Ramzy Baroud, a Palestinian-American journalist and author, told MEE that he believes it was a mistake to even allow the US to take part in the investigation, to begin with.
"Giving the State Department the opportunity to opine on the subject has both validated the US view on the matter and greatly confused the existing body of evidence, which seemed conclusive in asserting that Shireen was murdered by Israel," Baroud said.
In a news conference on Tuesday following the release of its assessment, State Department spokesperson Ned Price doubled down and said that "they found no reason to believe that it was an intentional killing, but rather the result of tragic circumstances in the course of a raid".
Price added that Washington would continue to call for accountability, saying "this clearly was the case of a wrongful death".
"Our goal – and what we believe is the collective goal of the parties – is to see to it that something akin to this, the killing of a journalist in a conflict zone, can’t happen again, must not happen again," Price said.
Yet just several weeks after Abu Akleh's death, another Palestinian journalist, 31-year-old Ghufran Harun Warasneh, was shot and killed by Israeli fire in the occupied West Bank city of Hebron. It was her third day of work at her new job at a local media network.
What should accountability look like?
Palestinian advocates say Washington's assessment of the killing is another attempt to sweep the killing of a Palestinian and US national at the hands of Israel under the rug.
In January, Omar Asaad, an 80-year-old Palestinian American, died of a heart attack after he was violently detained by Israeli soldiers during a raid on Jaljulia village, north of Ramallah in the occupied West Bank.
An Israeli army probe led to the dismissal of two officers, something the Israeli human rights group B'Tselem described as a "slight rebuke".
Still, Noura Erakat, a Palestinian-American human rights lawyer and professor at Rutgers University, told MEE that now is the time for the international community, and especially journalists, to increase their scrutiny over the probe into the killing.
"If we now know that Israel lies blatantly and can kill and get away with it, it should be imperative for journalists to now shift the way that they actually cover this issue with greater scrutiny," Erakat said.
"That's what accountability would look like, in my opinion.
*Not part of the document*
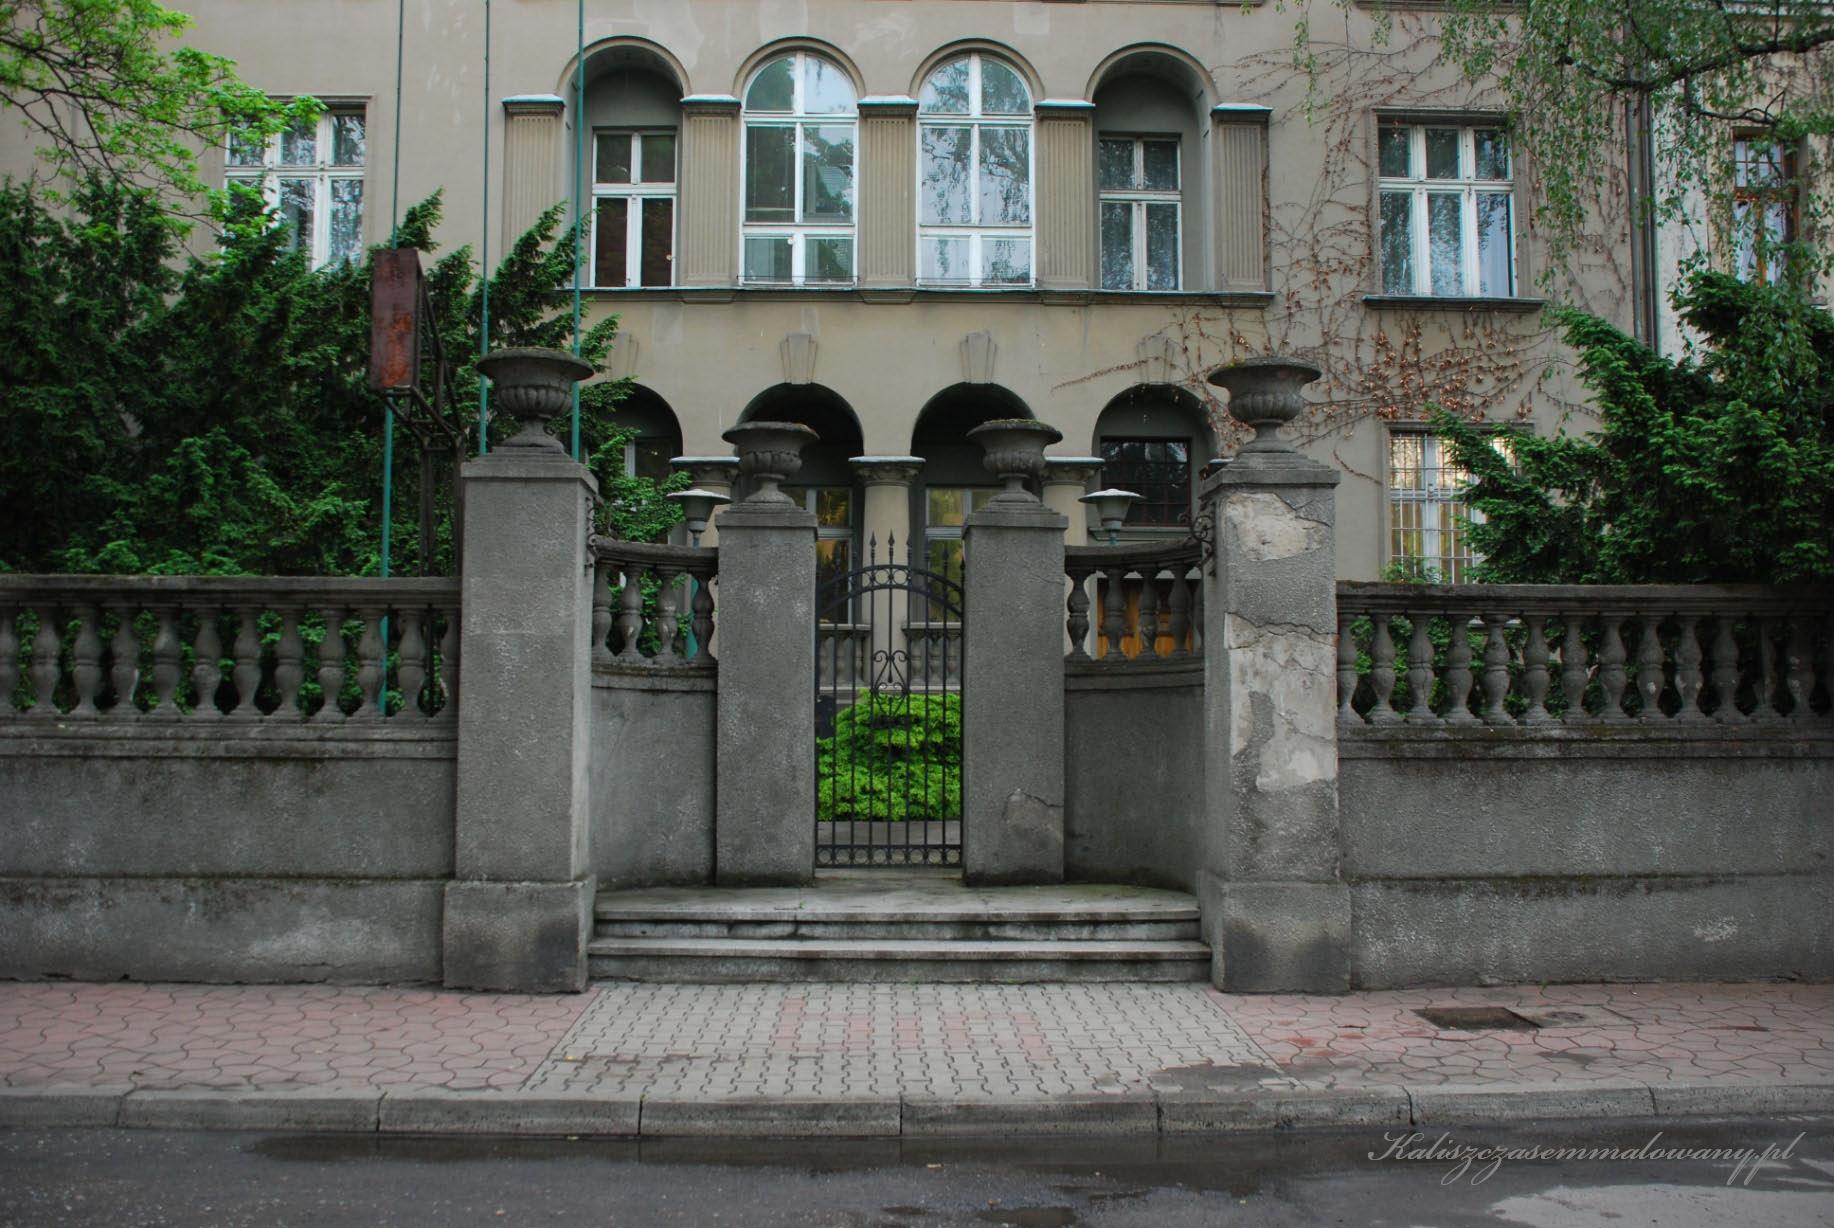 Dom_pod_anilolami-24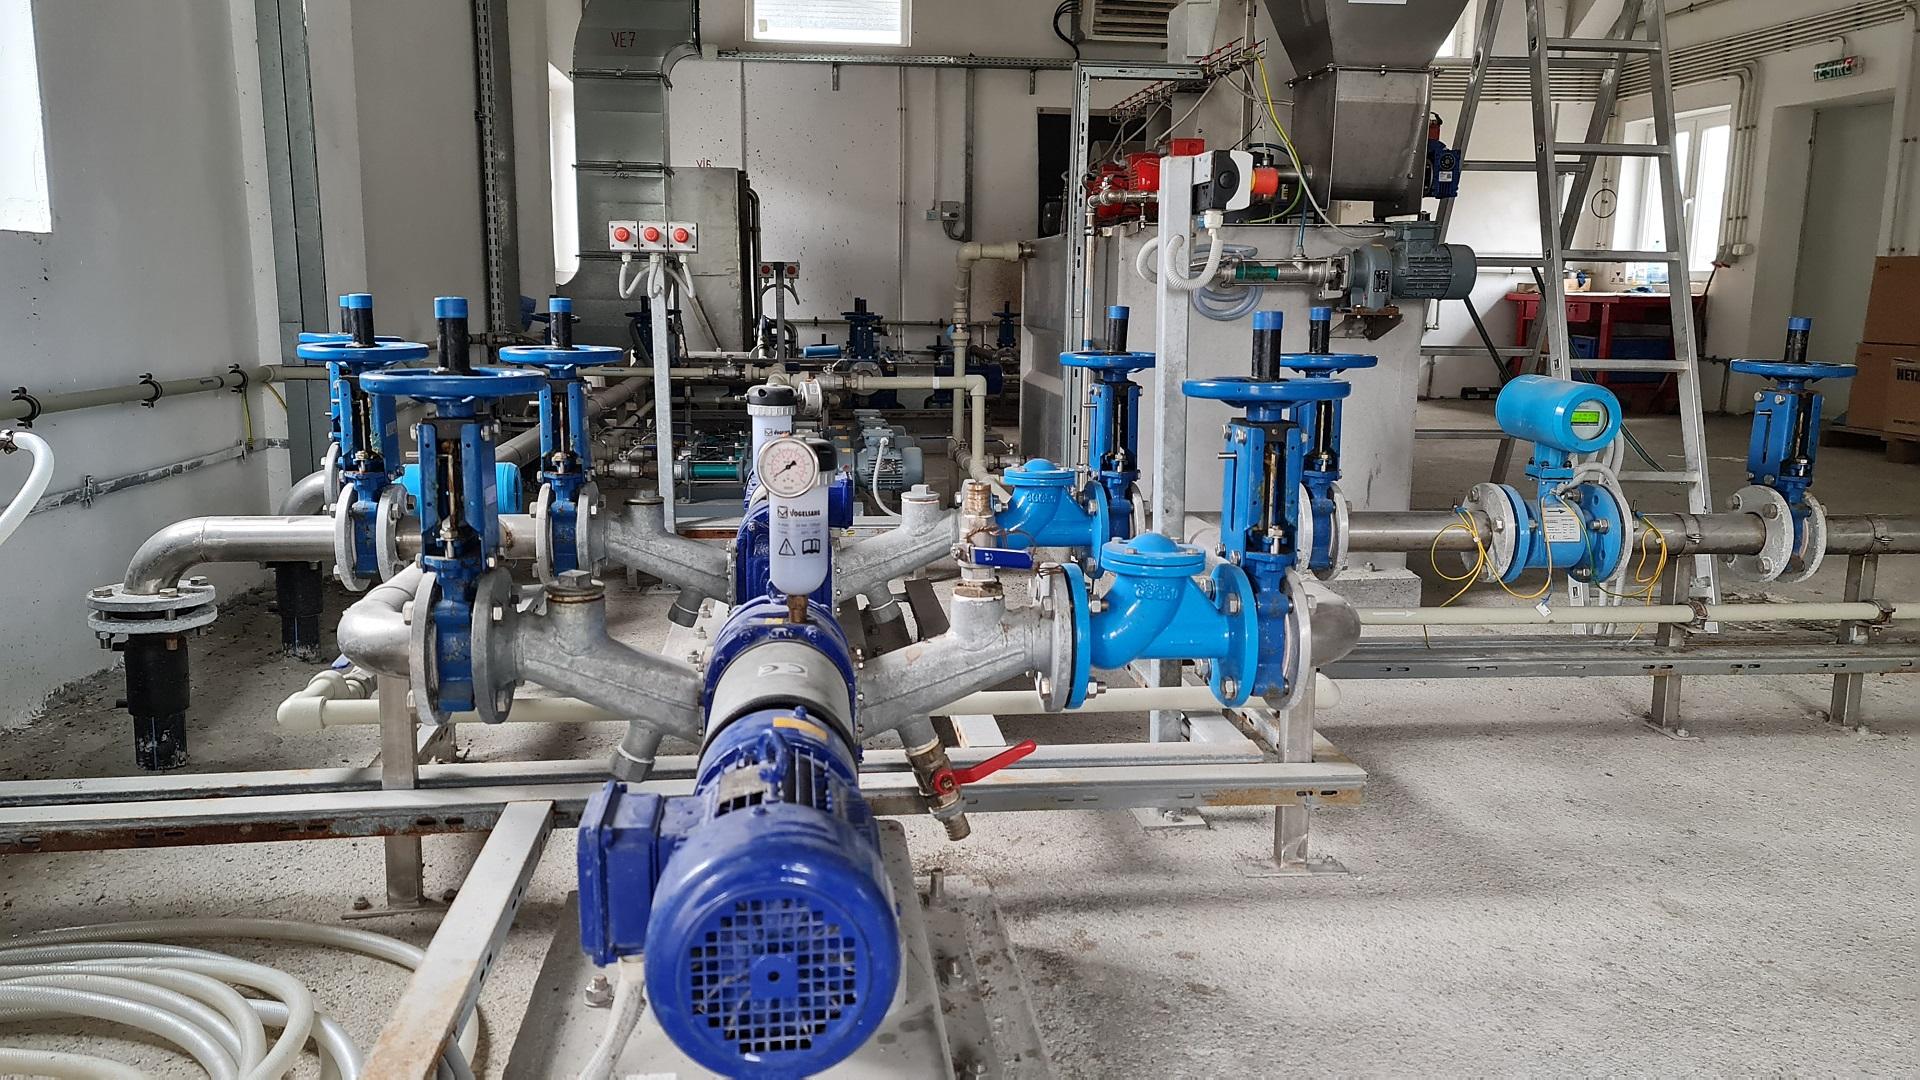 Angajăm inginer în domeniul mecanic / electromecanic / energetic

We're not going to get accountability for shootings and murder, but there should be a shift of how we interpret and understand information as a result of these findings."
On Tuesday evening, following the State Department's statement, a group of 11 Democratic lawmakers introduced legislation that would force the US government to investigate the killing and also investigate whether American weapons were used.
The legislation, spearheaded by Congressman Andre Carson, was submitted as an amendment to the National Defense Authorization Act (NDAA), which authorises the Pentagon's annual budget.
Ayah Ziyadeh, advocacy director at American Muslims for Palestine, said that accountability would begin with a suspension of "all military funding for Israel" and would end with those responsible for Abu Akleh's killing being brought to justice.
"In the meantime, it is simply unacceptable for the President of the United States to conduct an ordinary diplomatic visit to a state that practices apartheid, and this is especially the case on the heels of the killing of an American journalist by this apartheid government," Ziyadeh said.